Opinioni & Commenti

Televisione e politica: qualche suggerimento per il prossimo governo

di Mauro BanchiniIn quel grande «referendum» per decidere per o contro Berlusconi, lo strumento determinante lo avevamo tutti in casa: l’apparecchio televisivo. È per lo schermo casalingo che è stata costruita l’intera campagna elettorale basata proprio su fattori mediatici. Si doveva portare al voto chi da anni non votata più e convincere gli indecisi: non bianco o nullo, ma un segno. O per Silvio o per Romano. Tutto qui.

Nei paesi e nei quartieri, un tempo ci pensavano gli attivisti di partito che non erano ridotti a comitati elettorali. Adesso vincono i faccia a faccia tv dove i trucchi della demagogia mediatica (interruzioni polemiche al momento giusto, espressioni del viso, battutacce, volti abbronzati, corpi palestrati, capelli rinati) dominano sulla concretezza e sulla verità. Il uots ameriga di Albertone ha vinto alla grande.

Basta pensare all’ultimo scontro Berlusconi/Prodi e all’importanza di una battuta (se mi votate, abolirò l’Ici). Basta pensare al ruolo decisivo che nelle ultime ore ha avuto, rivelandosi determinante, la paura delle tasse anch’essa sapientemente veicolata attraverso i media: come scordare l’insistenza della domanda (ma che vuol dire parecchi milioni di euro?
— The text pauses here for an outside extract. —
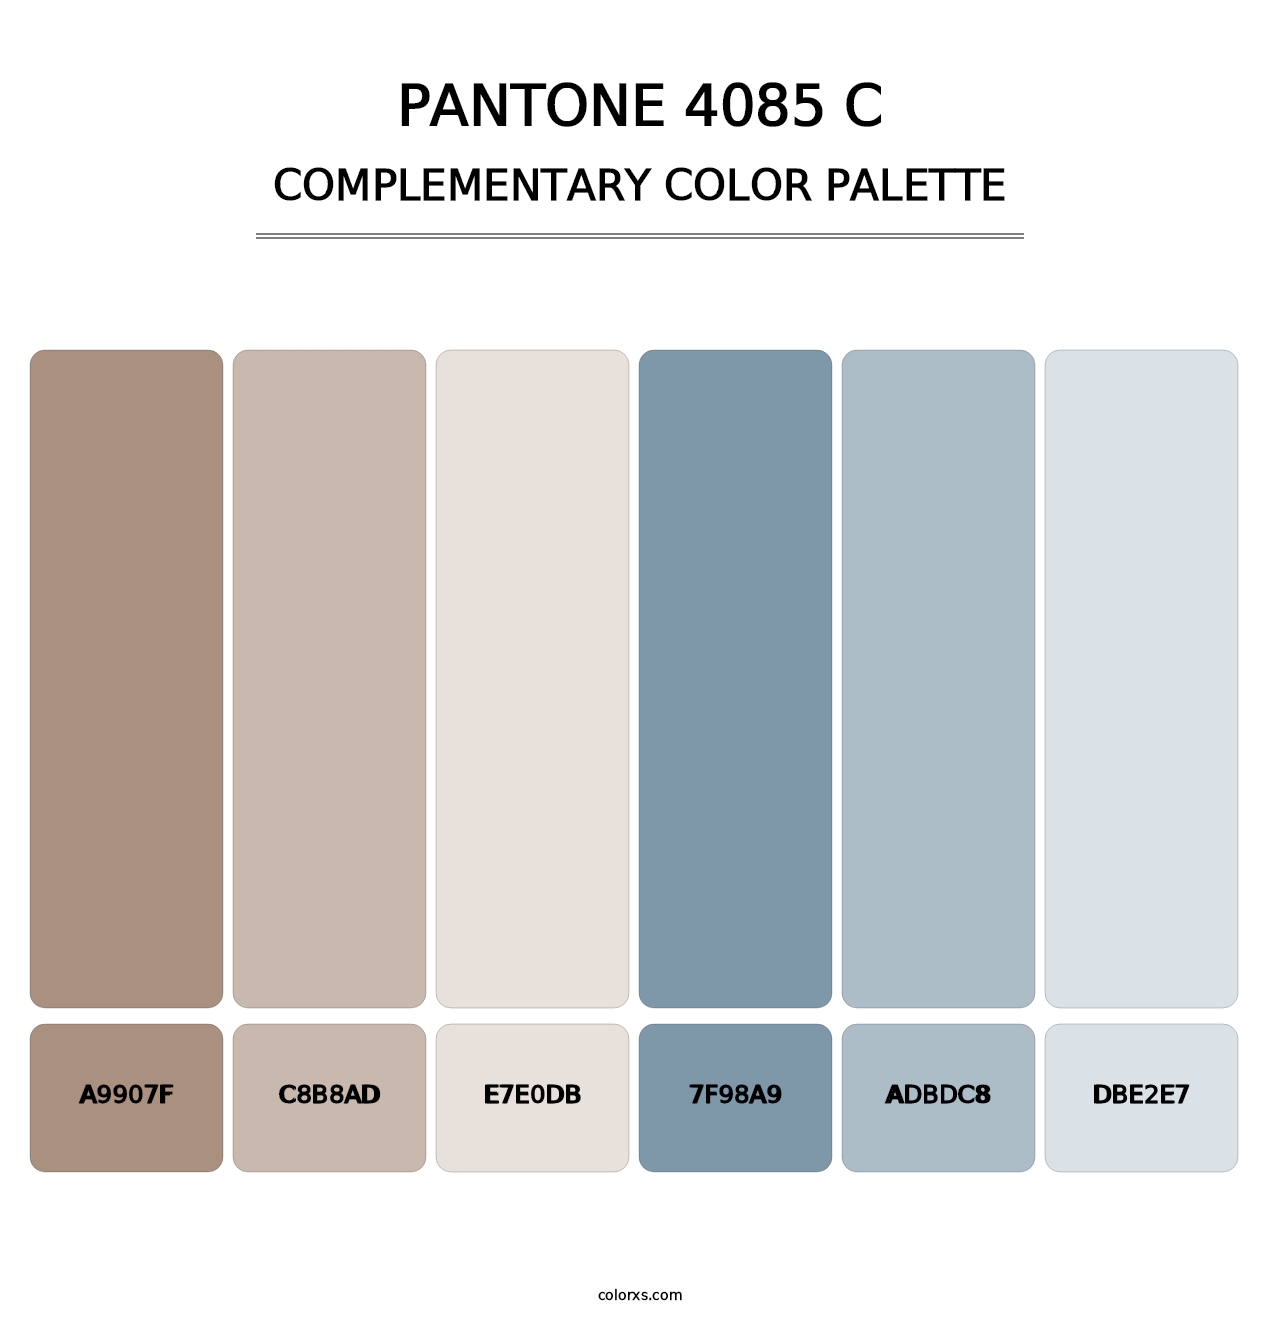 PANTONE 4085 C - Complementary Color Palette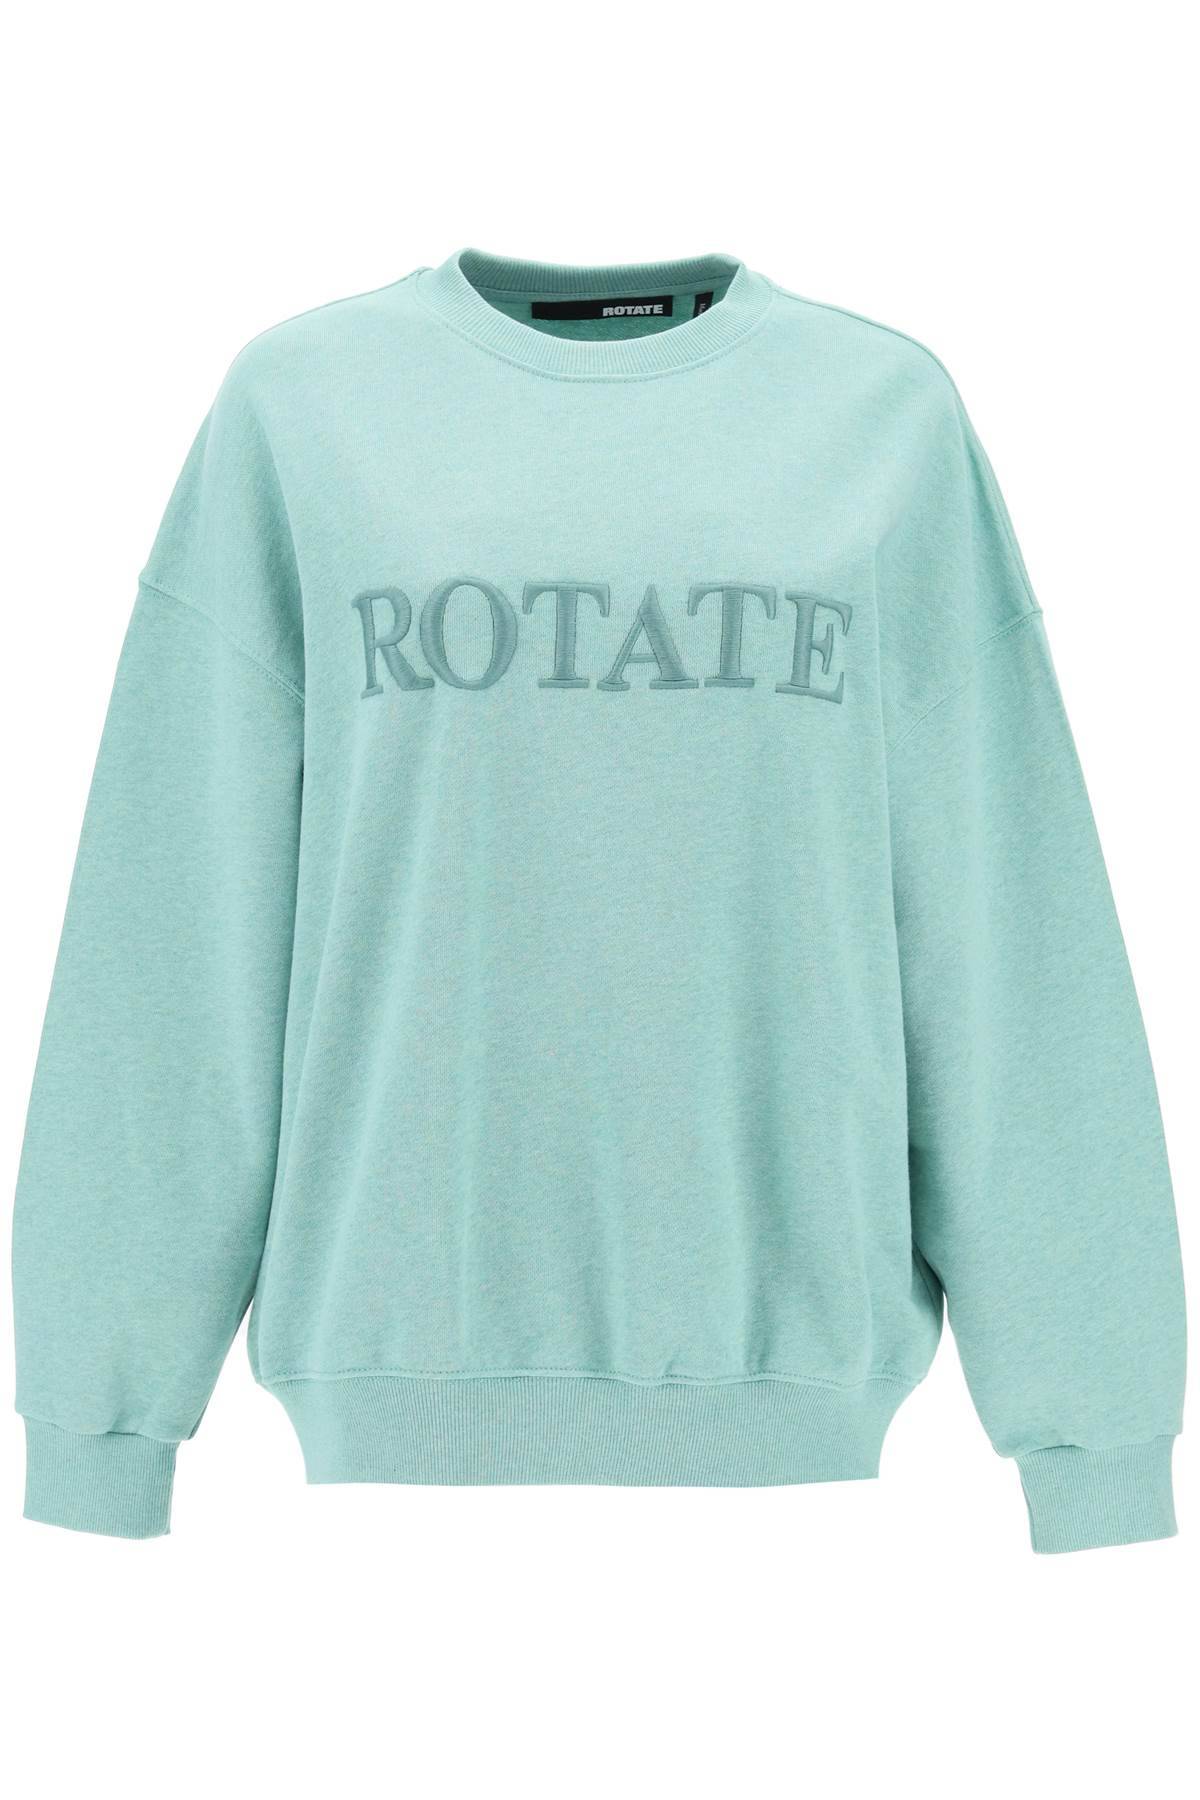 Rotate ROTATE organic cotton crewneck sweatshirt

Dacci una cifra precisa) posta a un imbarazzato Rutelli da un determinato Gasparri a sostegno mediatico del sospetto mediatico posto da Berlusconi (se votate a sinistra, quelli vi aumentano le tasse). Altro che valori cristiani o salvaguardia della famiglia!

Un ruolo decisivo se lo sono preso i sondaggi pre-elettorali e i famosi exit pool. Chi, nella tragicomica nottata fra lunedì e martedì, ha cercato lumi nel digitale di Sky, si è imbattuto in un furente Gasparri che se la prendeva proprio con i sondaggisti. L’ora era tarda, lui era davvero arrabbiato e a un certo punto gli è scappata la verità: i sondaggisti – ha ammesso – sono pagati dai partiti per farsi raccontare ciò che i partiti vogliono sapere. In effetti questo dubbio era già venuto, ma sentirselo spiattellare proprio dall’ex ministro delle comunicazioni un po’ di effetto lo fa. E allora come levarsi il dubbio che queste votazioni siano state inquinate proprio da un uso populistico di una sondaggite fatta ad arte per manipolare gli elettori, in particolare quelli meno provveduti, grazie al potere mediatico?

Cosa chiedere al nuovo governo in materia televisiva? Proviamoci sulle cose … piccole.

1) Abolire gli exit pool. Non si capisce proprio l’importanza di spendere milioni di euro soltanto per il gusto di conoscere subito, alla chiusura dei seggi, chi ha vinto e chi ha perso, quando basta aspettare qualche ora per avere il risultato ufficiale.

2) Dimezzare gli spazi pubblicitari in tutte le reti televisive. È un po’ come per le armi: nel mondo ce ne sono talmente tante che se si decidesse di farne fuori in modo bilanciato qualche tonnellata, gli equilibri non cambierebbero. Pensate dunque che bellezza se un programma tv, invece di essere interrotto quattro volte con quaranta spot, fosse interrotto «solo» due volte con venti spot.

3) Assegnare all’azionariato popolare almeno una delle reti Rai, sia radio che televisione, togliendo dalle scatole in modo totale la pubblicità.

4) Destinare un ics per mille del fatturato pubblicitario a una seria azione di media education. Tanto più cresce, negli spettatori, la consapevolezza su un uso critico dei media tanto meglio è per una cittadinanza adulta.

5) Restituire dignità ai dibattiti politici. Basta con le contaminazioni fra ministri e ballerine, con i ministri impegnati a fare il sugo o a tirarsi le torte in faccia. Torniamo alla banalità dei (noiosi?) confronti politici dove la politica torna a essere quello che è. Una cosa seria.